The finding was published in Nature Genetics by an international collaboration of researchers.

This explains a long-standing conundrum for how pediatric tumors develop.
Alex Kentsis cancer biologist and pediatric oncologist

The Role of the Dark Genome

PGBD5 was already understood to be a type of enzyme called a DNA transposase. A wide range of multicellular organisms use DNA transposases to control gene expression. They rearrange DNA segments known as transposons. This phenomenon was first uncovered in the 1940s and ’50s by Barbara McClintock. In her studies of corn, she revealed that DNA segments can sometimes move, or transpose, from one site on a chromosome to another. (This explains why corn can produce many colors of kernels on a single ear: The transposons alter the expression of pigment-controlling genes.) This discovery about transposons — also called “jumping genes” — and how they affect gene expression brought Dr. McClintock the Nobel Prize.

Since then, similar DNA sequences have been found in most living organisms. Although it is now known that almost 50% of the human genome is derived from transposons, very few instances of their functions are known. Rather, they were considered artifacts of evolution, lying within the “dark genome” — the portion of DNA that doesn’t code for proteins.

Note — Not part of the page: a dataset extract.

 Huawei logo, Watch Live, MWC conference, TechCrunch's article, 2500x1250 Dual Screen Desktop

But in recent years, scientists have come to understand that the dark genome, also referred to as junk DNA, actually serves important functions.

In particular, the RAG1/2 gene encodes a DNA transposase that is crucial for the formation of antibodies and other immune receptors that rely on the cutting and reshuffling of gene segments. But researchers thought RAG1/2 was a special case, a freak of evolution. Then in 2015, Dr. Kentsis led research revealing that PGBD5 could be active in cutting and pasting DNA in human cells. The new study shows that PGBD5, when aberrant, can induce cancer in humans.

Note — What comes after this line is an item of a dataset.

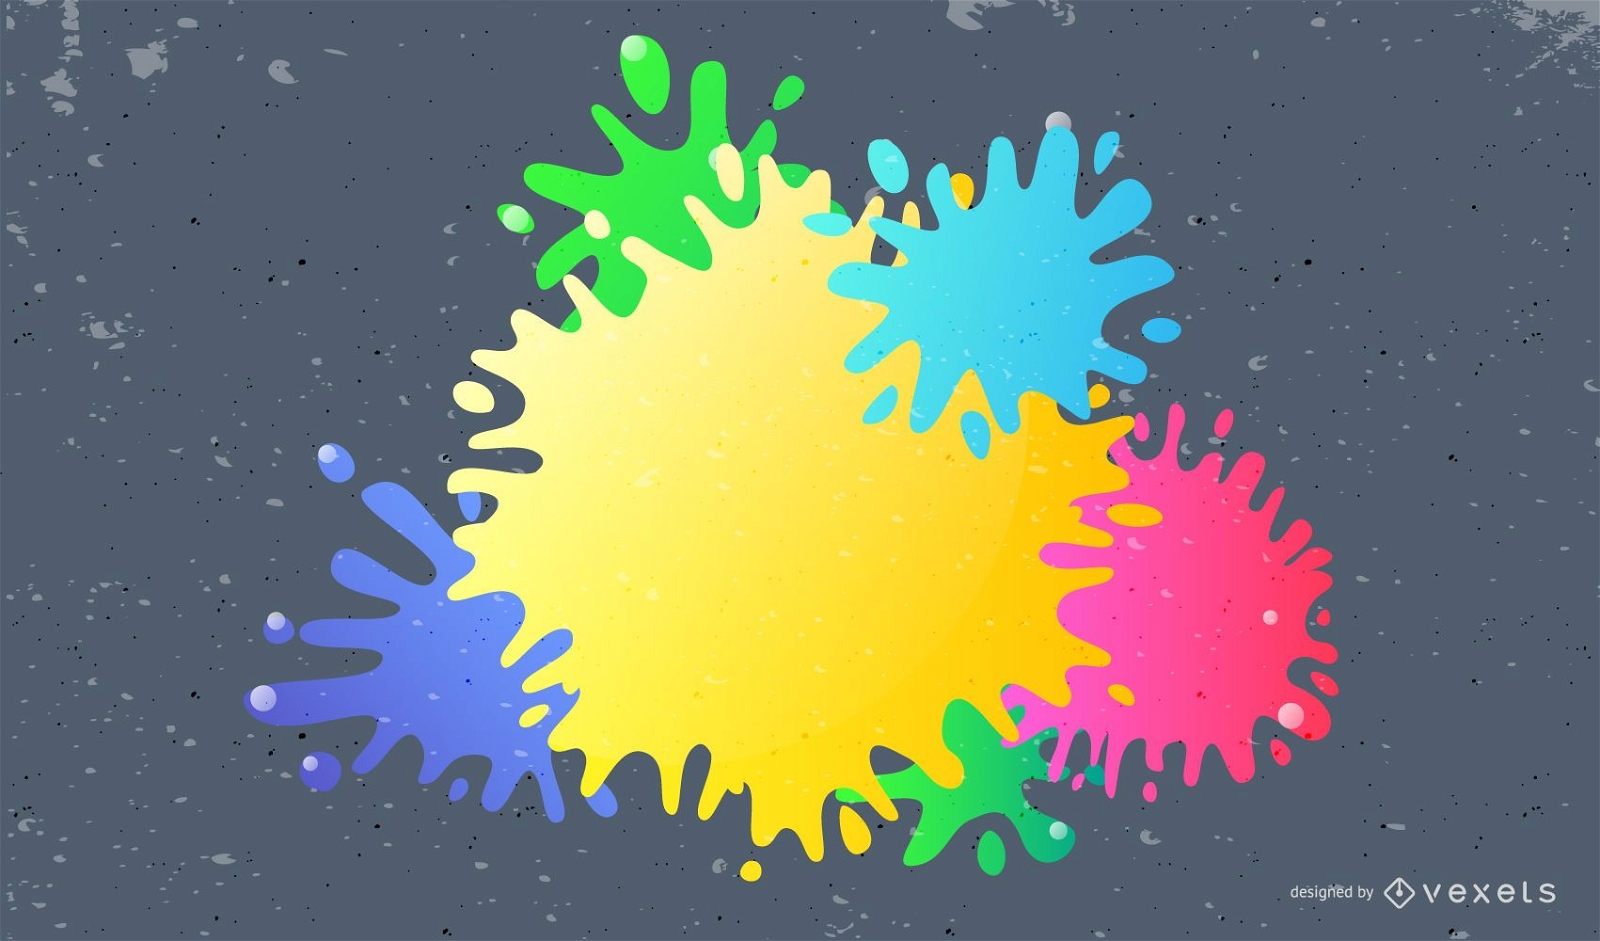 Colorful 3D paint splatters

In recent years, scientists have come to understand that the dark genome actually serves important functions.

The research team made its discovery by analyzing the genes of cells from human rhabdoid tumors. These rare childhood cancers are aggressive and can arise in many different organs, including the brain, kidneys, and liver. The scientists found evidence of DNA rearrangements at specific sites in human chromosomes associated with PGDB5 activity. As further proof of its effect, they found that expressing PGDB5 in normal human cells could turn them cancerous in both a lab dish and mouse models.

A Therapeutic Target

The finding solves another mystery about many childhood cancers. It is not that these cancers lack mutations but rather that they have unique genomic rearrangements. Researchers were vexed by how this genome shuffling could take place and how it might contribute to cancers that develop at an early age — many of which, like rhabdoid tumors, remain difficult to treat.

Dr. Kentsis explains that the normal function of PGBD5 is not yet clear. There are clues it may carry out essential functions in normal cells, but its role in cancer is startling.

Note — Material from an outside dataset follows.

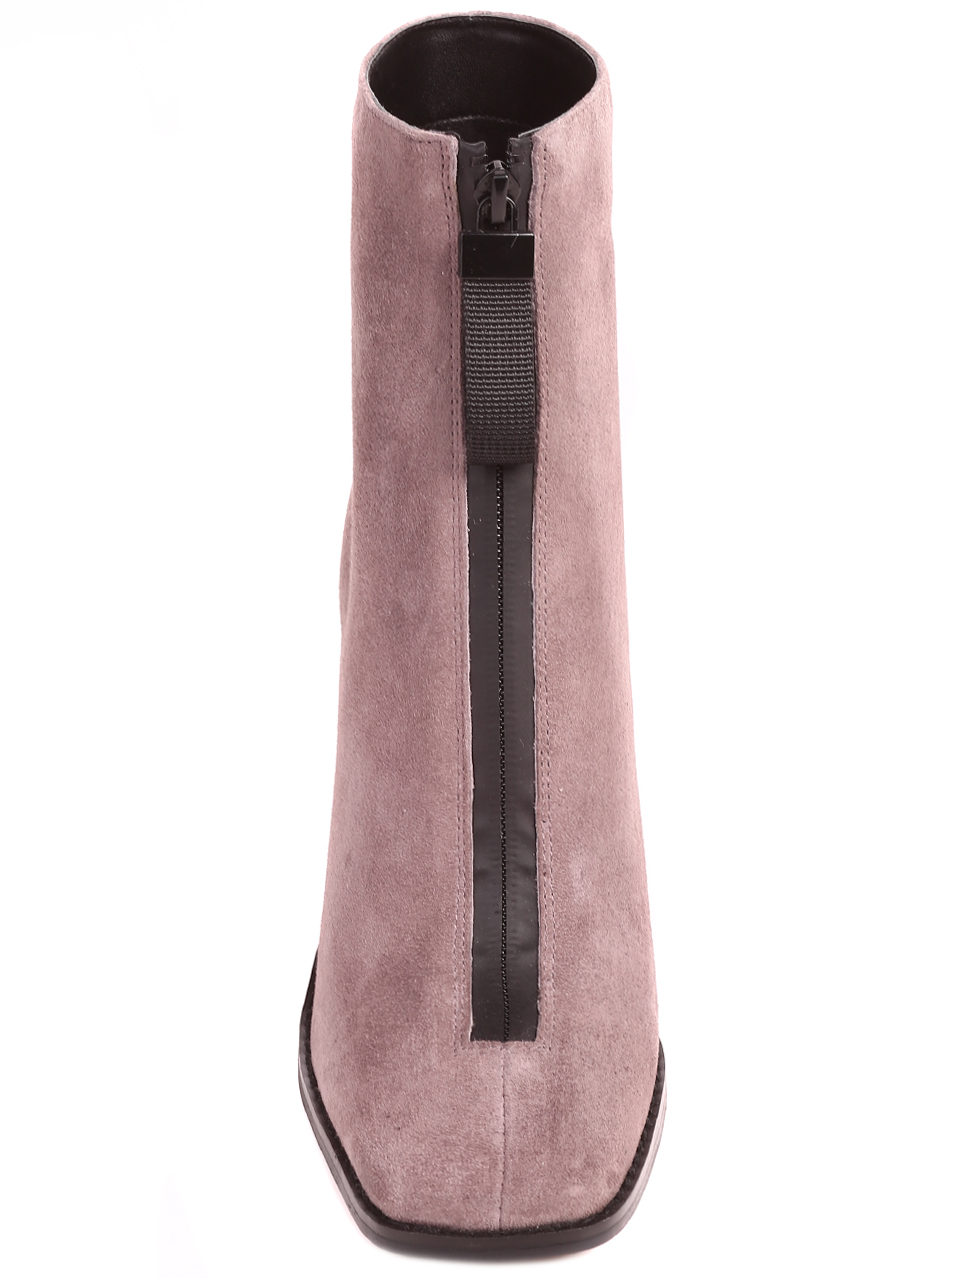 Елегантни дамски боти от велур в сиво H1293-3 grey

Cancer cells in which the PGBD5 enzyme is improperly regulated may be especially reliant on DNA repair functions, says Dr. Kentsis. That could make them particularly vulnerable to drugs that inhibit specific aspects of cellular DNA repair, an especially active field of cancer research. Dr. Kentsis and colleagues are currently investigating these inhibitors in mouse models of childhood tumors in the lab.

“Despite years of sequencing and laboratory studies of childhood tumors, this is a novel mechanism of mutation that the world has missed,” says Andrew Kung, Chair of MSK’s Department of Pediatrics. “This paper represents a major advance in understanding human cancers in general and pediatric tumors in particular. And it underscores yet again that the genome still has features we are blind to that have major functions in biology that we’re just starting to appreciate.”